Ethanol demand has taken on an opposite trend to output. Four-week average use implied by stocks is running 11% below prior years so far in November. That compares with a 9% departure in the previous two months.

That somewhat mimics the trend in gasoline demand as measured by finished motor gasoline supplied to the U.S. market, which last week fell to 8.26 million barrels per day, the lowest since mid-June.

Recently, gas consumption has been about 9% below the levels observed in the same weeks in prior years, consistent with the August and September departures but a little worse than in October. U.S. gasoline demand typically tends to fall into the winter months, but consumption is bolstered late in the year by holiday travel. That is particularly at risk this year as the rise in U.S. coronavirus cases has led to a tightening in restrictions, and many states have advised residents to completely forgo plans for Thanksgiving, which falls on Nov. 26.

Still, major U.S. airline United said last week it expects Thanksgiving week to be its busiest since March and it has added domestic flights to accommodate the expected increase.

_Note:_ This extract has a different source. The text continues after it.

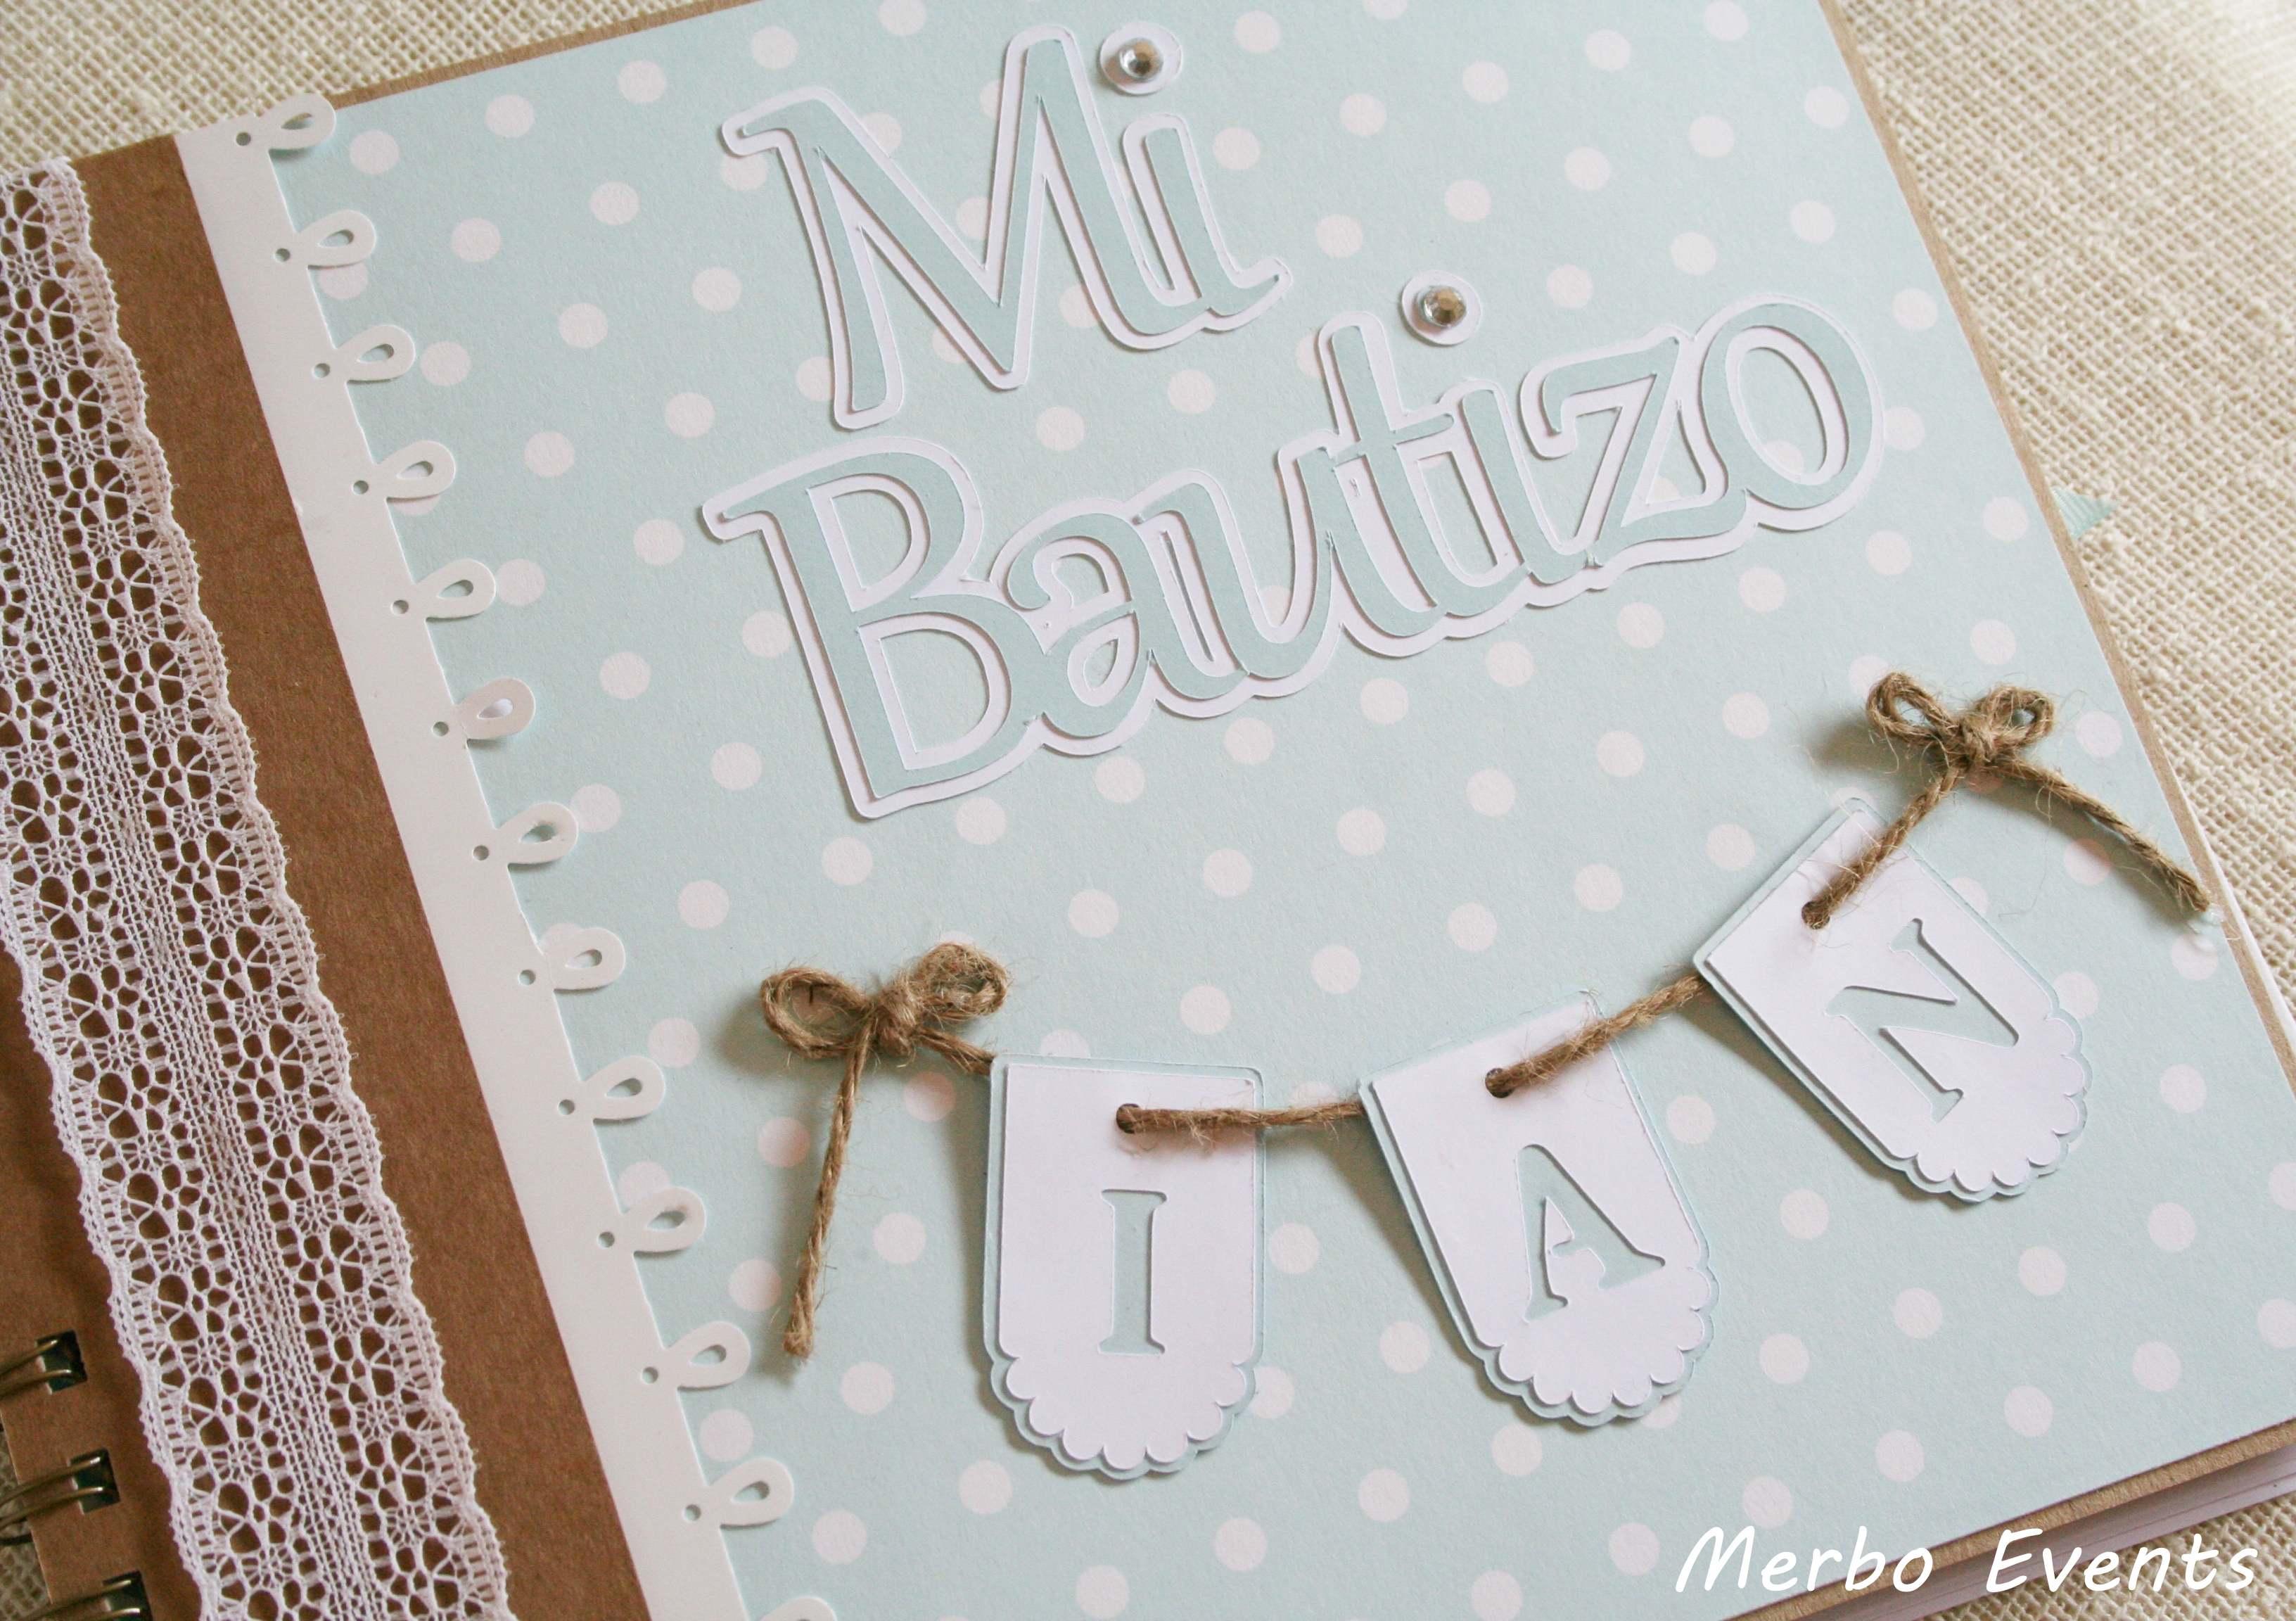 Detalles de Bautizo personalizados, recordatorios, invitaciones, libros

The airline says it plans to fly 48% of its full schedule next month as compared with December 2019, up from 44% in November and 34% in September.

Aside from holiday travel, everyday travel and commuting have been impacted in the last couple of weeks as an increasing number of schools have turned to virtual learning and office workers are encouraged to work from home if possible.

But it is unknown how long this downturn will last given the recent success of COVID-19 vaccine trials. Pfizer Inc said on Wednesday its vaccine was 95% effective and that it would apply for emergency U.S. authorization in days, meaning the first deliveries could be possible before Christmas.

That follows Monday’s announcement by Moderna Inc that its vaccine was nearly 95% effective, but some experts estimate it still could be at least four to six months before significant levels of vaccination can occur worldwide.

The opinions expressed here are those of the author, a market analyst for Reuters.